# Thread: How do we find the intercepts and asymptotes for f(x) = x ln x?

1. ## How do we find the intercepts and asymptotes for f(x) = x ln x?

How do we find the intercepts and asymptotes for f(x) = x ln x?

Also, I am confused on why this function is concave up for all of the domain. Can someone please explain this, all help is greatly appreciated.

2. $f'(x)=\ln{x}+1$

$\displaystyle f''(x)=\frac{1}{x}$

$\mbox{Critical Value}=0$

However, $\ln{x}>0$

$f''(1) >0$

Thus, the function is concave up.

3. Originally Posted by k101
Also, I am confused on why this function is concave up for all of the domain. Can someone please explain this, all help is greatly appreciated.
Using the product rule

$f'(x)=\frac{x}{x}+lnx=1+lnx$

$f''(x)=\frac{1}{x}>0$ for $x>0$

which means the tangent slope keeps increasing.

x-intercept:

$xlnx=0\Rightarrow\ lnx=0\Rightarrow\ x=1$

Asymptote:

The curve approaches no limit as $x\rightarrow\ \infty$

4. Thank you!

5. So this mean's that the critical value of f'(x) is 0? Also, how come we are evaluating at 1 for f"?

6. Originally Posted by k101
So this mean's that the critical value of f'(x) is 0? Also, how come we are evaluating at 1 for f"?
When you do derivative tests, you evaluate numbers to the left and right of the critical value.

Due to the domain restriction of the natural log, evaluating the left side of 0 isn't required.

7. How do we know it has no asymptotes? Could you explain please

8. Originally Posted by k101
How do we know it has no asymptotes? Could you explain please
Post 3.

9. Critical value is unimportant.

$f'(x)=0\Rightarrow\ lnx=-1\Rightarrow\ x=\frac{1}{e}$

Due to the fact that the second derivative is positive, the curve is concave upward.

The graph has no asymptotes.

10. Originally Posted by Archie Meade

Due to the fact that the second derivative is positive, the curve is concave upward.
That is what testing a point to right of zero (critical value) tells someone, and since there are no more points to test around greater than 0, it is true for all x > 0.

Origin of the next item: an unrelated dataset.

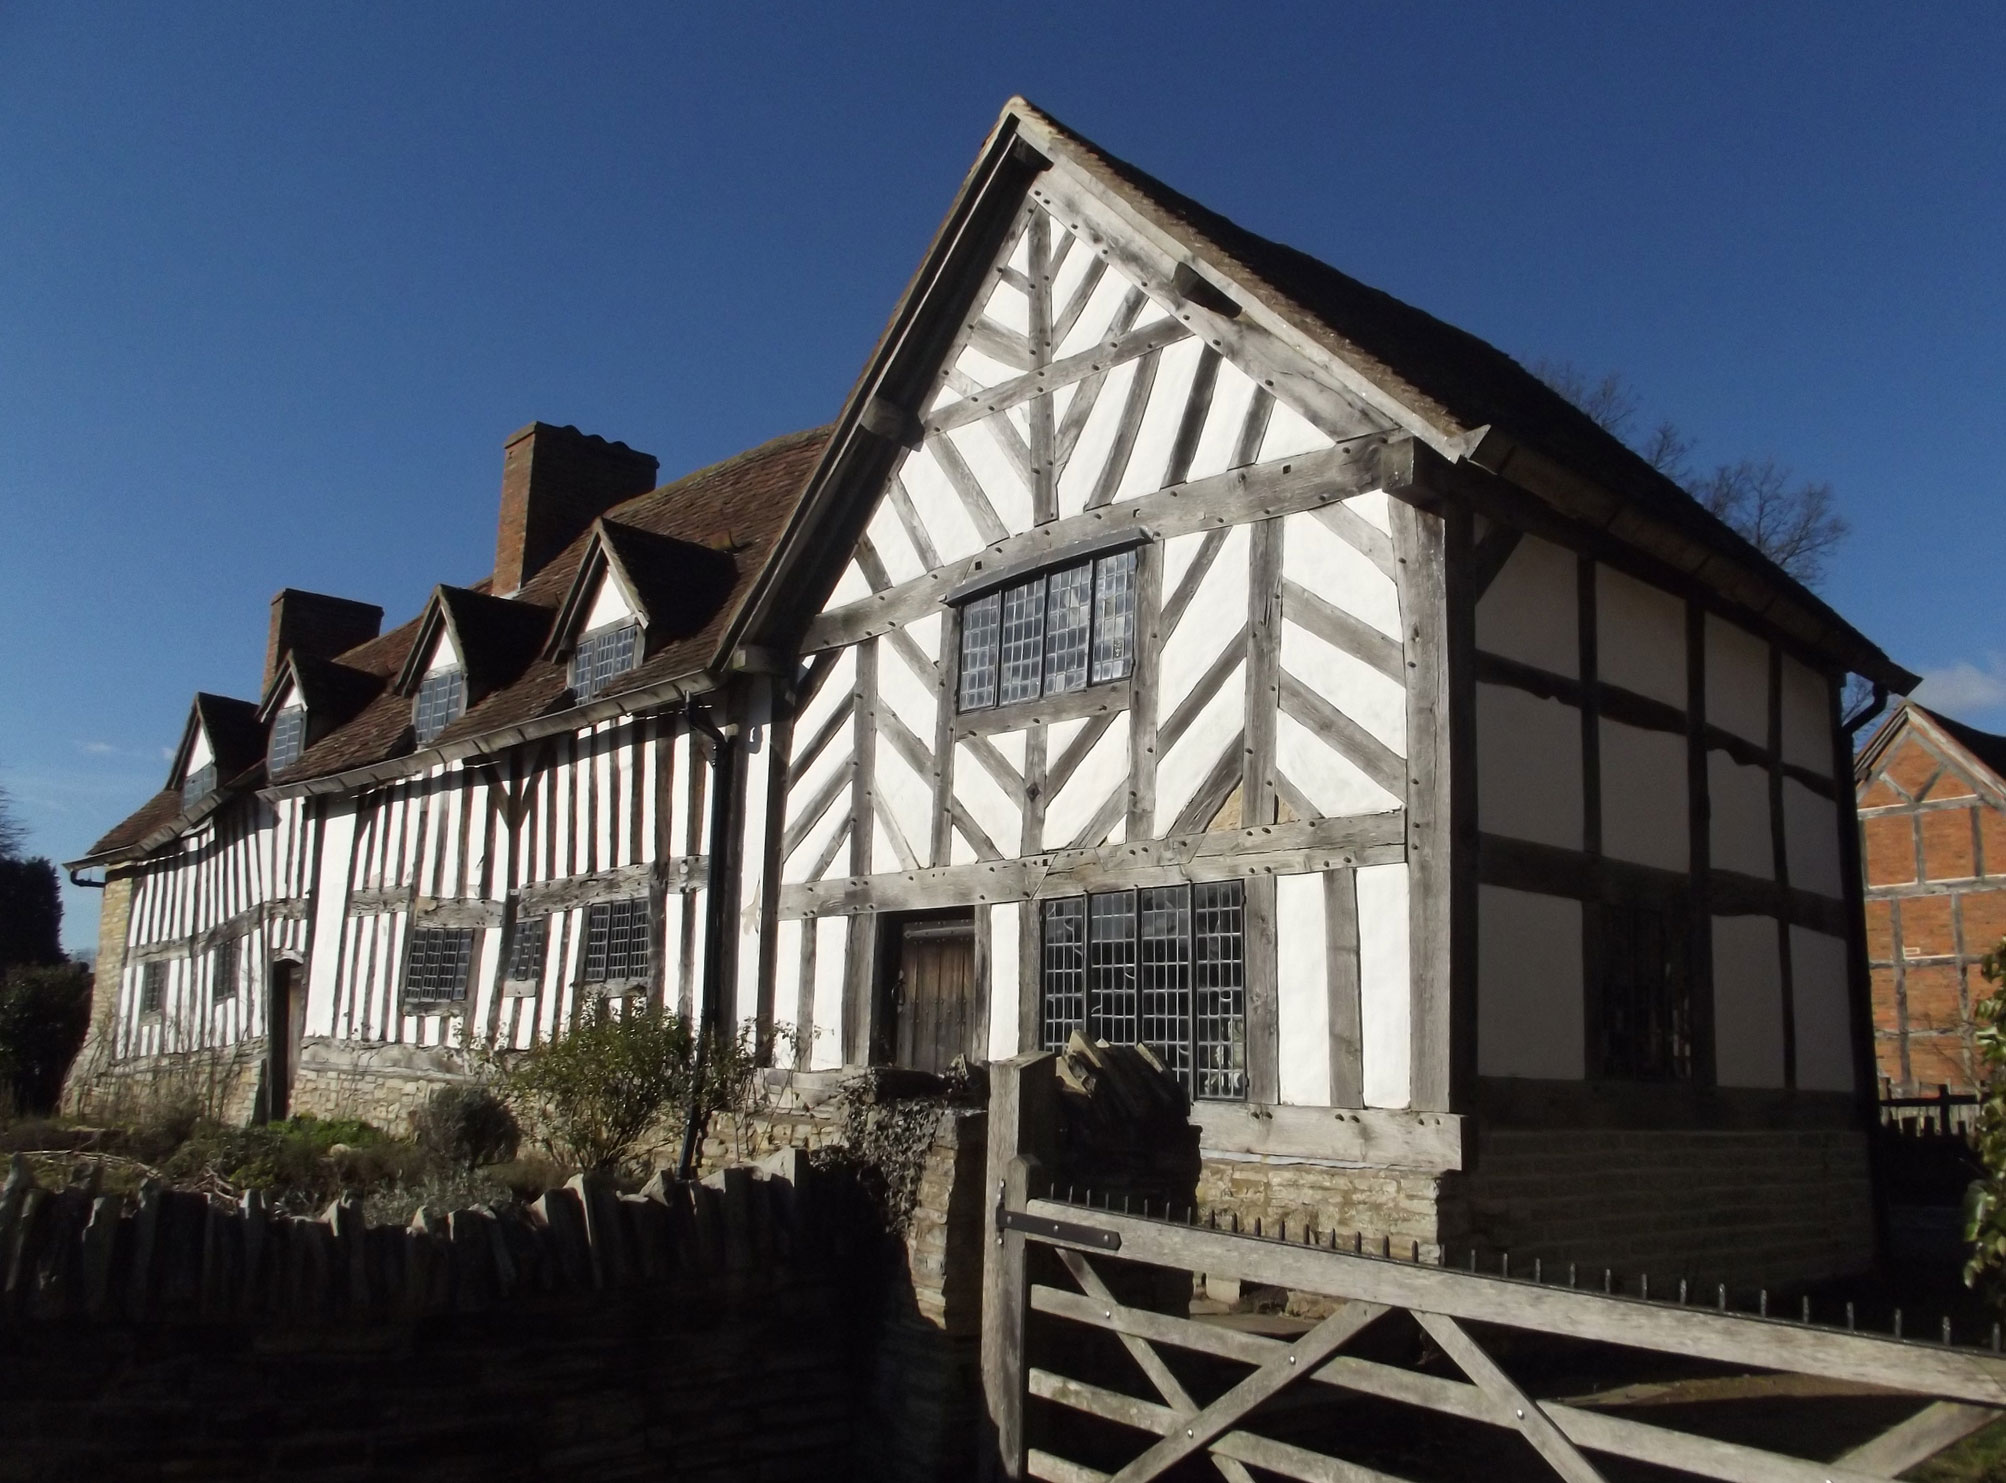 photograph of exterior of tudor building

11. Ah! Ok, I was thinking of "critical value" only in terms of a turning point.

12. Originally Posted by k101
How do we find the intercepts and asymptotes for f(x) = x ln x?

Also, I am confused on why this function is concave up for all of the domain. Can someone please explain this, all help is greatly appreciated.
Since $\displaystyle \lim_{x \to 0} (x \ln(x)) = 0$ the function has a 'hole' (removable discontinuity) at (0, 0).

As has already been remarked, the x-intercept is at (1, 0) since the solution to $0 = x \ln(x)$ is x = 1.

As has already been remarked, from calculus a minimum turning is found to be at (1/e, -1/e).

The graph is concave up for x > 0 since f''(x) > 0 for x > 0.

There are no asymptotes since the function is defined for all x > 0 (therefore no vertical asymptote) and $\displaystyle \lim_{x \to +\infty} (x \ln(x)) = +\infty$ (therefore no horizontal asymptote).

13. As for horizontal, non-vertical, oblique, slope asymptotes I believe we should be checking
$$\mathop {\lim }\limits_{x \to + \infty } (\frac{{f(x)}}{x}) = \mathop {\lim }\limits_{x \to + \infty } (\frac{{x\ln (x)}}{x}) = \mathop {\lim }\limits_{x \to + \infty } (\ln (x)) = + \infty$$

14. Originally Posted by Pranas
As for horizontal asymptotes I believe we should be checking
$$\mathop {\lim }\limits_{x \to + \infty } (\frac{{f(x)}}{x}) = \mathop {\lim }\limits_{x \to + \infty } (\frac{{x\ln (x)}}{x}) = \mathop {\lim }\limits_{x \to + \infty } (\ln (x)) = + \infty$$
So, from the above, f(x) = x has a horizontal asymptote ....?

15. Originally Posted by mr fantastic
So, from the above, f(x) = x has a horizontal asymptote ....?
I do not speak English miraculously well, sorry for that.
My last comment was more likely meant to involve non-vertical asymptotes (oblique, slope asymptotes) and, since my learning source defines horizontal asymptote being just a case of oblique asymptotes, I came up with that.

$\displaystyle $\mathop {\lim }\limits_{x \to \infty } \left( {\frac{{f(x)}}{x}} \right) = 0$$
would be the case when slope asymptote becomes parallel to X-axis.

I didn't say somebody was wrong, but I don't see oblique asymptotes taken into account unless I'm missing something.